▸ **Data shown**:
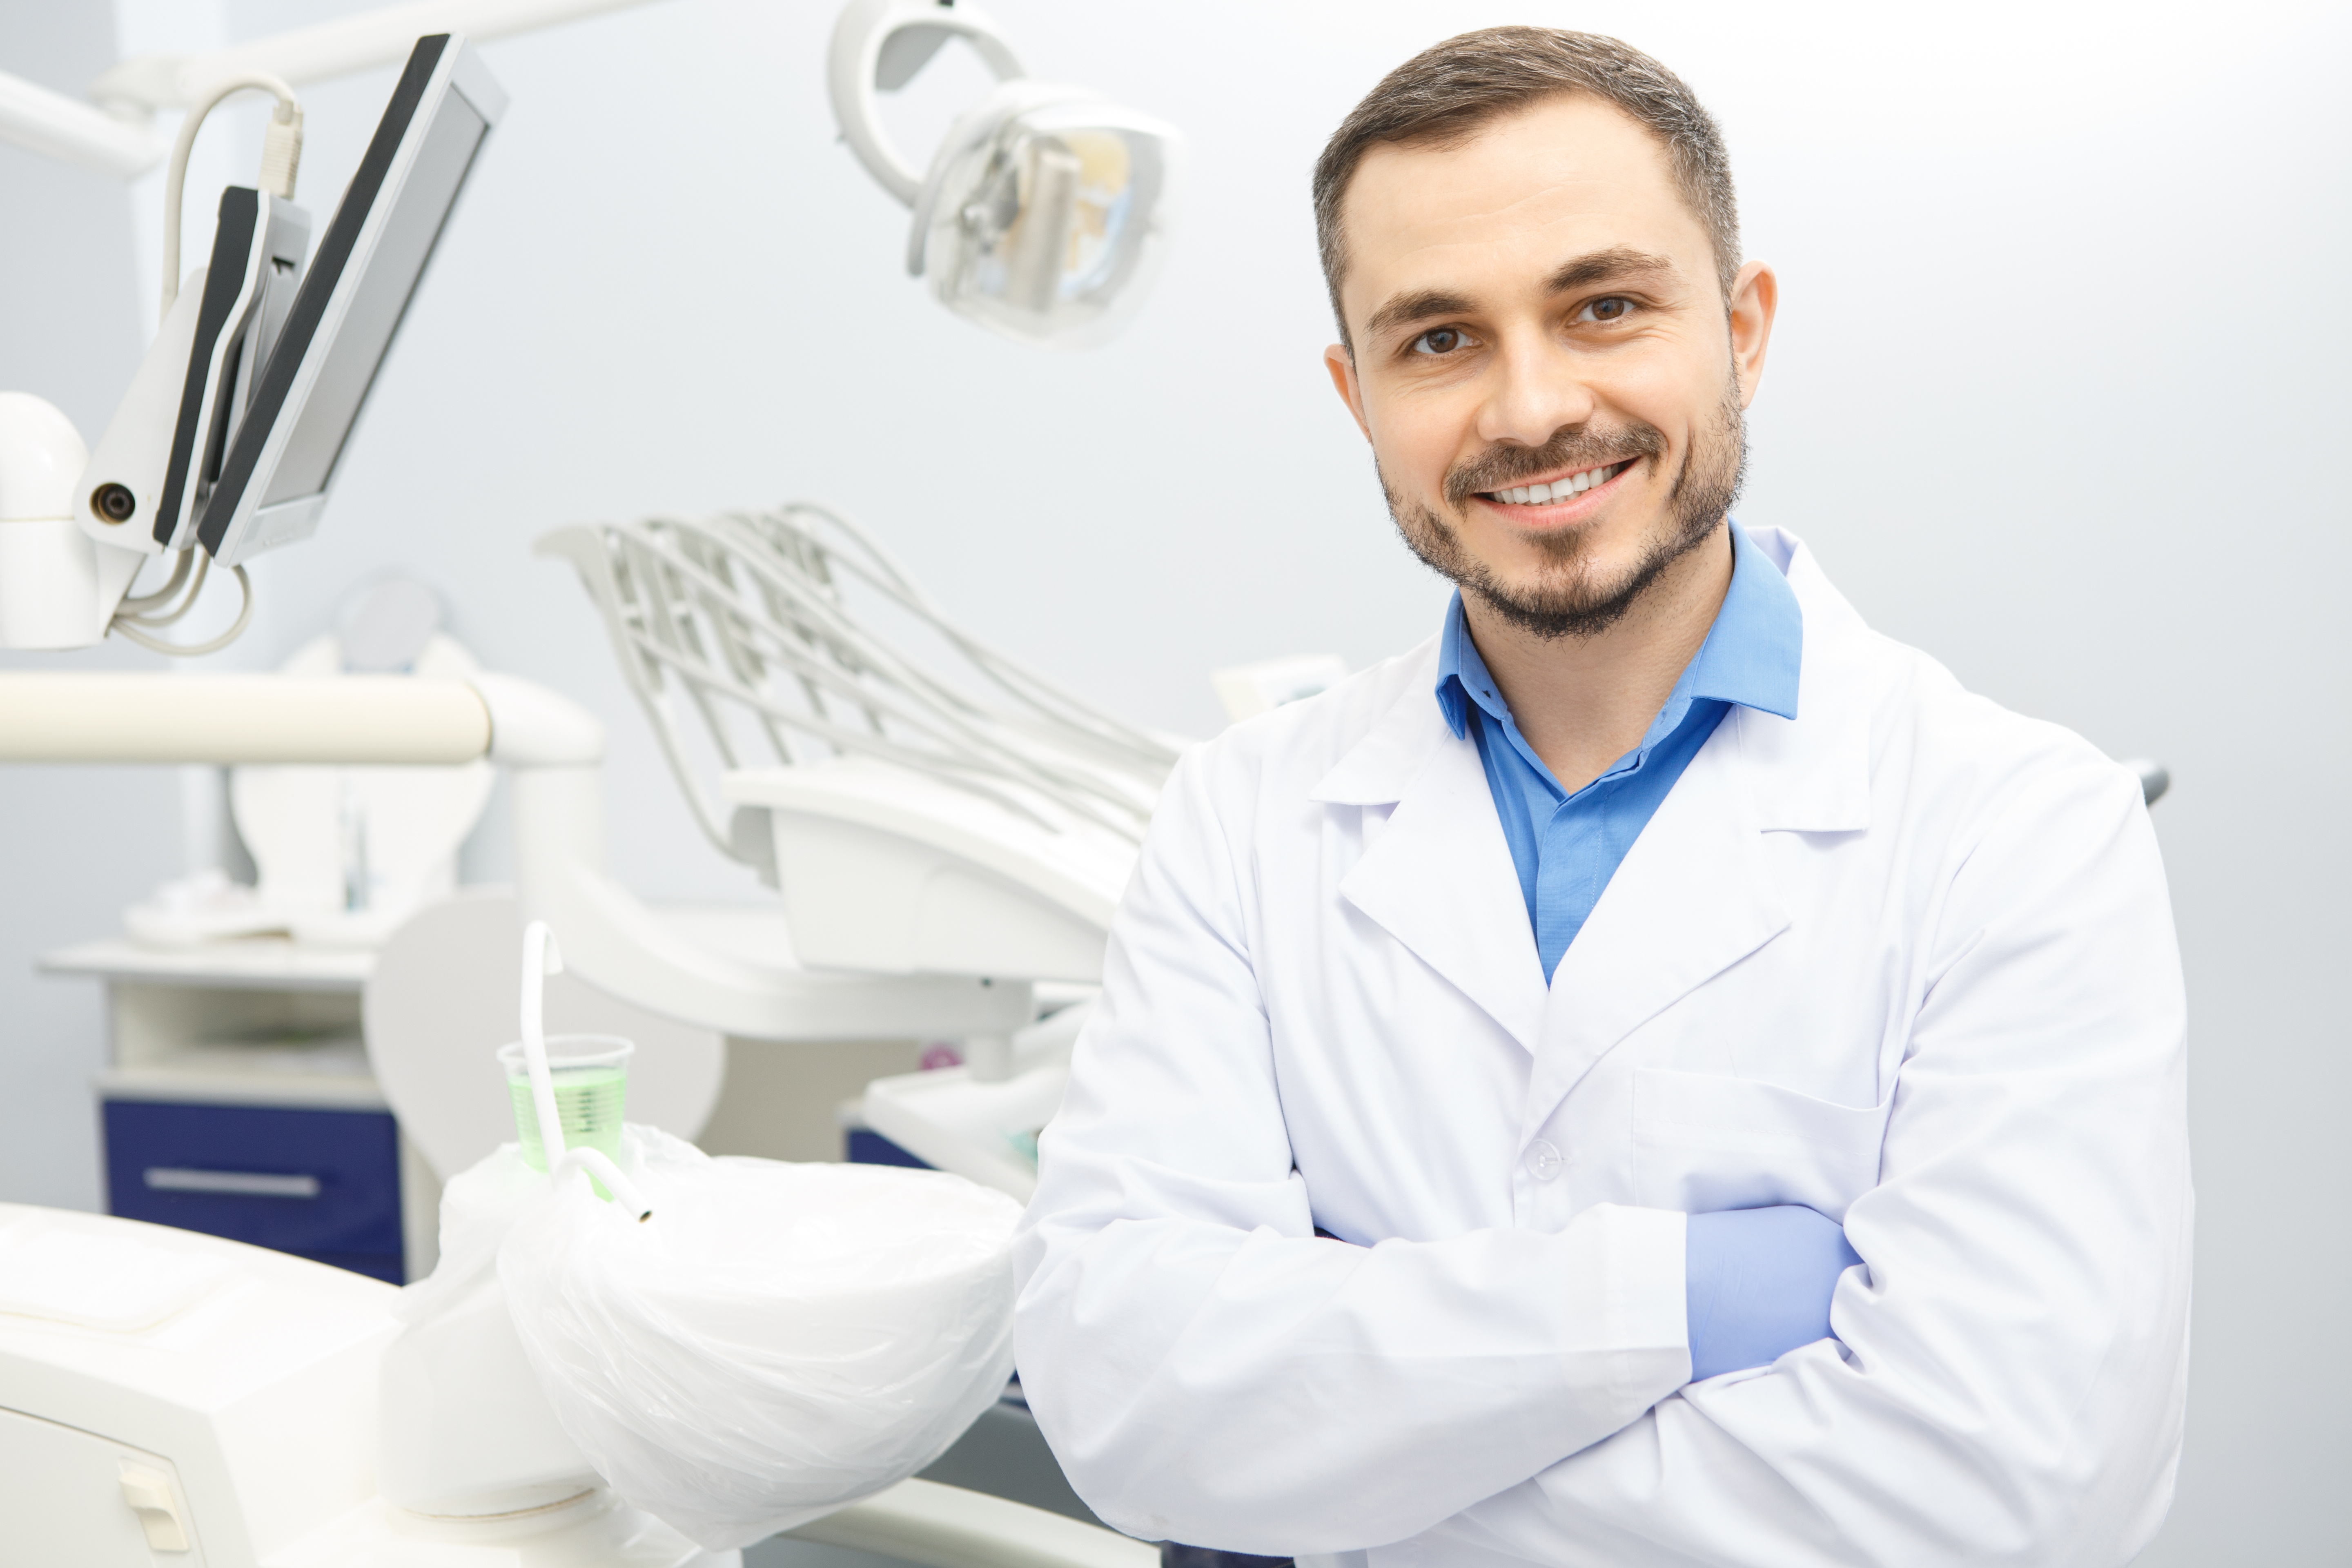 Стоматология практика врачи. Стоматолог. Стоматолог мужчина. Красивый стоматолог. Офтоматолог.
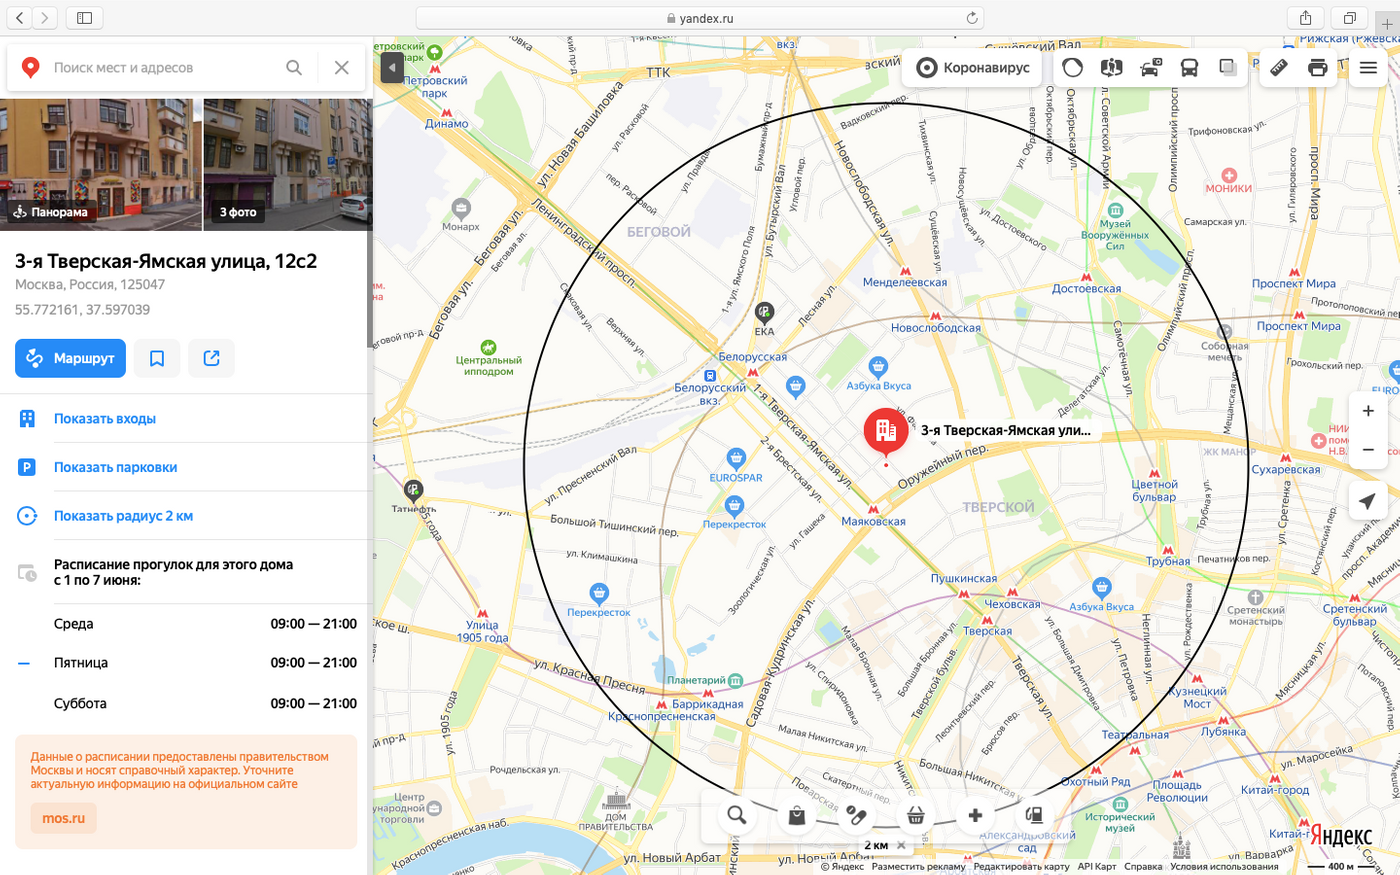 Найдите на картах приложение. Яндекс карты. Яндекс карты Москва. Карта Москвы Яндекс карты. Яндекс карты график прогулок.
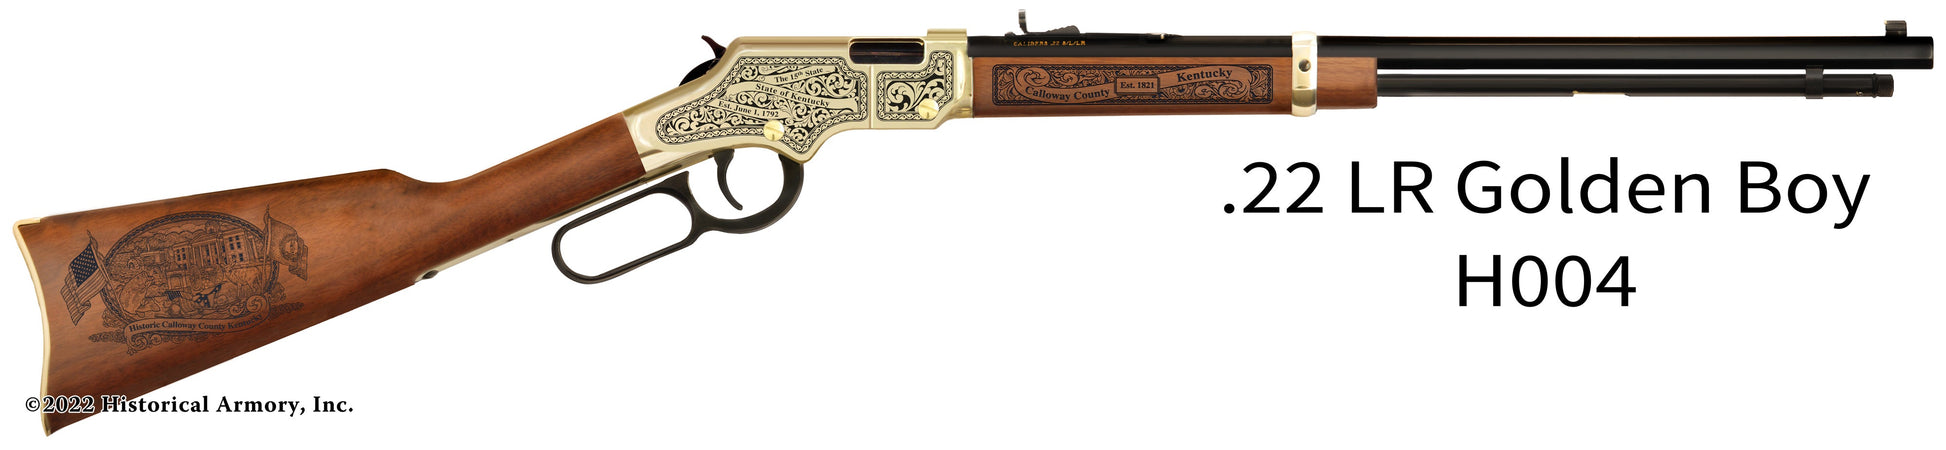 Calloway County Kentucky Engraved Henry Golden Boy Rifle

▸ **Your goal**:
Word for word, write out the whole listing, keeping none of the pictures.

▸ **Task output**:
 Стоматология практика врачи. Стоматолог. Стоматолог мужчина. Красивый стоматолог. Офтоматолог.
 Найдите на картах приложение. Яндекс карты. Яндекс карты Москва. Карта Москвы Яндекс карты. Яндекс карты график прогулок.
 Calloway County Kentucky Engraved Henry Golden Boy Rifle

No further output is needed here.